WKU Coach Willie Taggart said he’ll be a “good nervous” when the Toppers walk into Memorial Stadium on Saturday for Taggart’s debut as a head coach. It will come against No. 8 Nebraska, the second-highest-ranked team the WKU football program has ever faced.

Brad Stephens

Willie Taggart has been waiting for Nebraska since he was named WKU’s head coach last November.

After nine months full of recruiting, offseason conditioning and then a blazing-hot fall camp, college football’s youngest coach will make his debut at 6 p.m. Saturday.

“I’ve been a head coach now since November,” Taggart said. “Now I’m ready to roll.”

Rolling with an 0-12 team is a challenge itself.

Now add the fact that Taggart’s first game as head coach will be in Lincoln’s Memorial Stadium in front of 81,000 hostile Husker fans. Nebraska’s No. 8 ranking also makes the Huskers the second-highest-ranked team the WKU football program has ever faced.

So one could reasonably expect the new coach of the 37-point underdog Toppers to be nervous on Saturday, which Taggart said he will be.

But it’s a “good nervous” — the kind that makes Taggart want to take a deep breath and “go get it.”

“Any competitor always gets nervous right before game time,” Taggart said. “But you’ll get the little bugs out and get ready to roll.”

Taggart got a taste of nasty road crowds during his time as running backs coach at Stanford.

His Cardinal teams traveled to national powers USC, Notre Dame and Oregon, and Taggart said his experiences there provided a successful blueprint for his new job.

But with the title of head coach, Taggart has new responsibilities he didn’t have with Stanford.

“Now I’m organizing and planning the whole thing, where before I was just taking the lead on some things and helping the whole process,” Taggart said. “Now I get to do it how I want to do it.”

Taggart will roll out his West Coast offense on Saturday night, and sophomore tight end Jack Doyle said WKU plans to go right at Nebraska’s daunting run defense.

“Personally I think the running game is our best thing,” he said. “And we’re not going to change what we do.”

The Toppers’ aggressive, strength-on-strength mindset comes directly from their head coach, who said his team isn’t intimidated by Nebraska or any other opponent.

 “In big games we played in the past, we had the mindset of ‘Here’s the big guys on the block. We don’t stand a chance. We’re just trying to stay healthy,’” Taggart said. “We don’t roll that way now.”

Even Nebraska’s Memorial Stadium, the famed Sea of Red, isn’t going to be a problem for WKU in junior defensive end Jared Clendenin’s eyes.

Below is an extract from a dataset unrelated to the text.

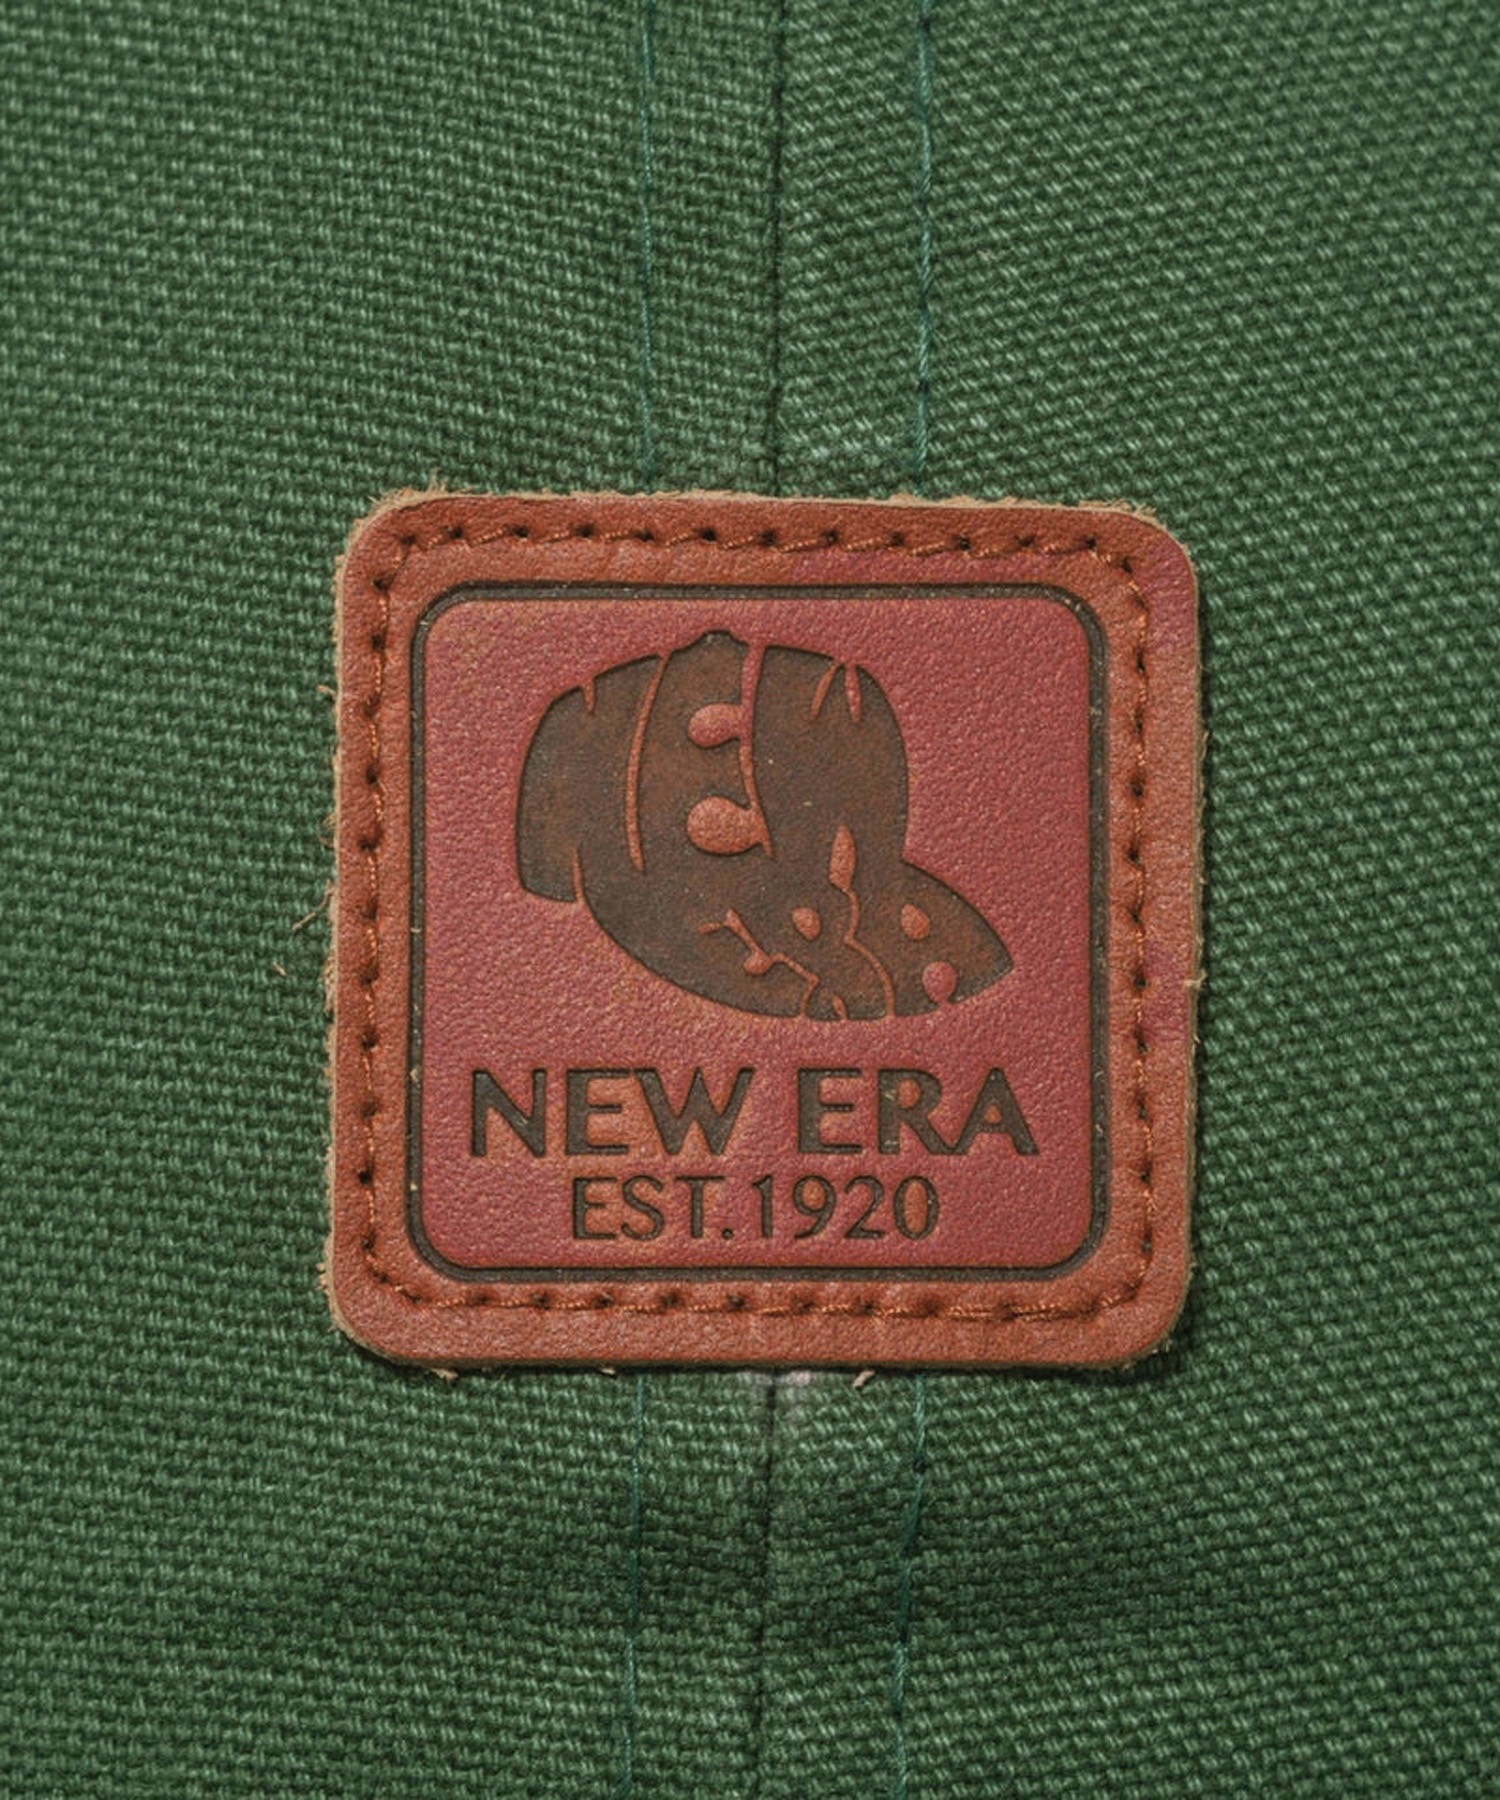 NEW ERA ニューエラ Youth 9TWENTY Leather Patch ダックキャンバス シラントログリーン キッズ キャップ 帽子 14111930(ONECOLOR-YTH)
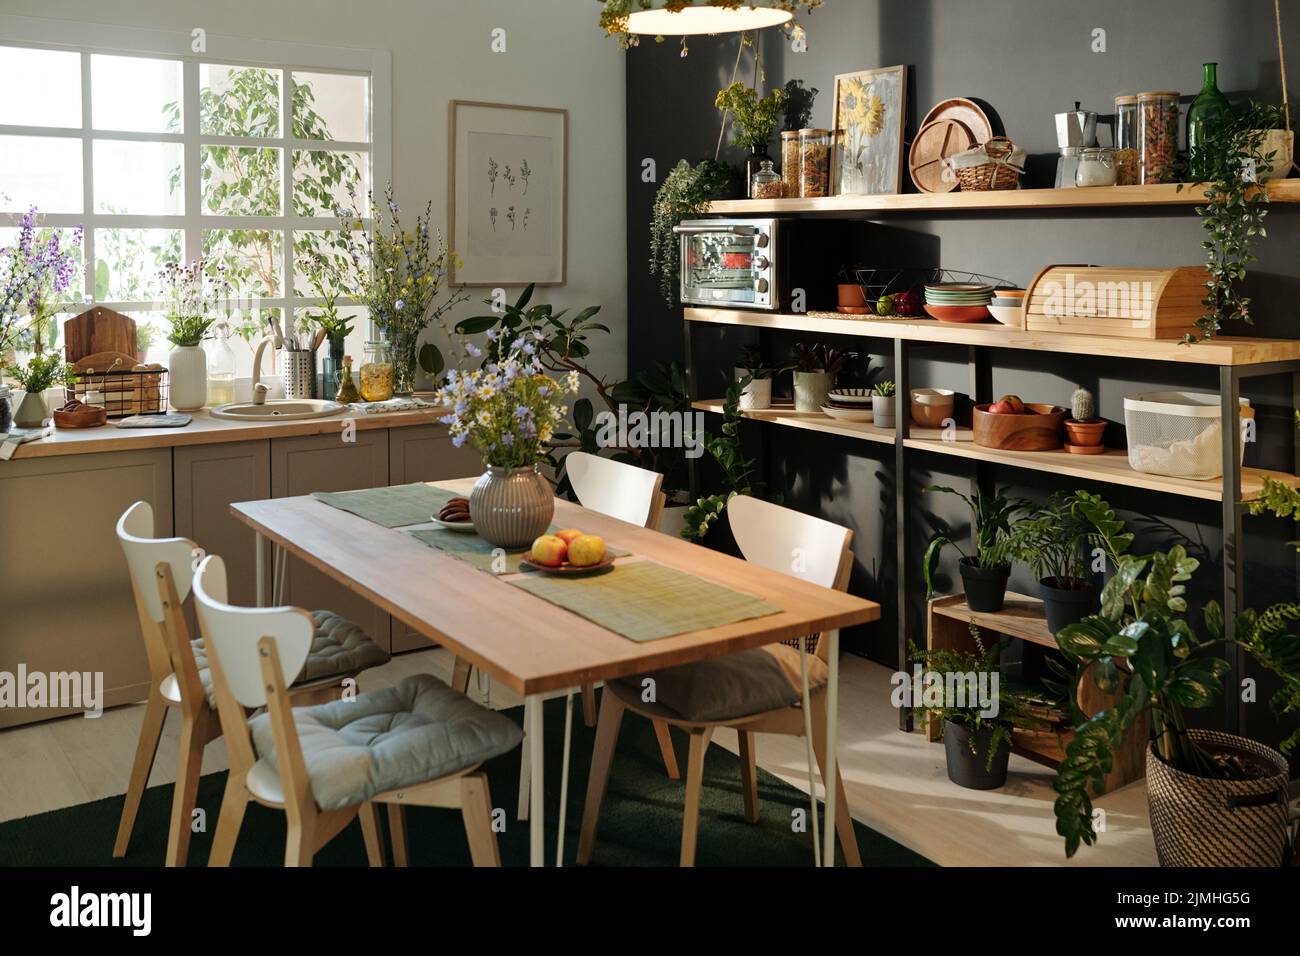 Parte de la cocina espaciosa y acogedora con mesa sostenible, utensilios de cocina y plantas de la casa creando un ambiente de recarga y relax Foto de stock

“This is going to be a house full of Western red,” Clendenin said, smiling. “We’re ready for 90,000 screaming Western fans.”

Those “Western fans” will be ready to pounce if the Toppers slip up — a message that Taggart said he has passed on to his team.

“The true test will come once we get into the fire — once adversity strikes,” Taggart said. “That’s what I’m concerned with the most …That’ll show the true character of our football team.”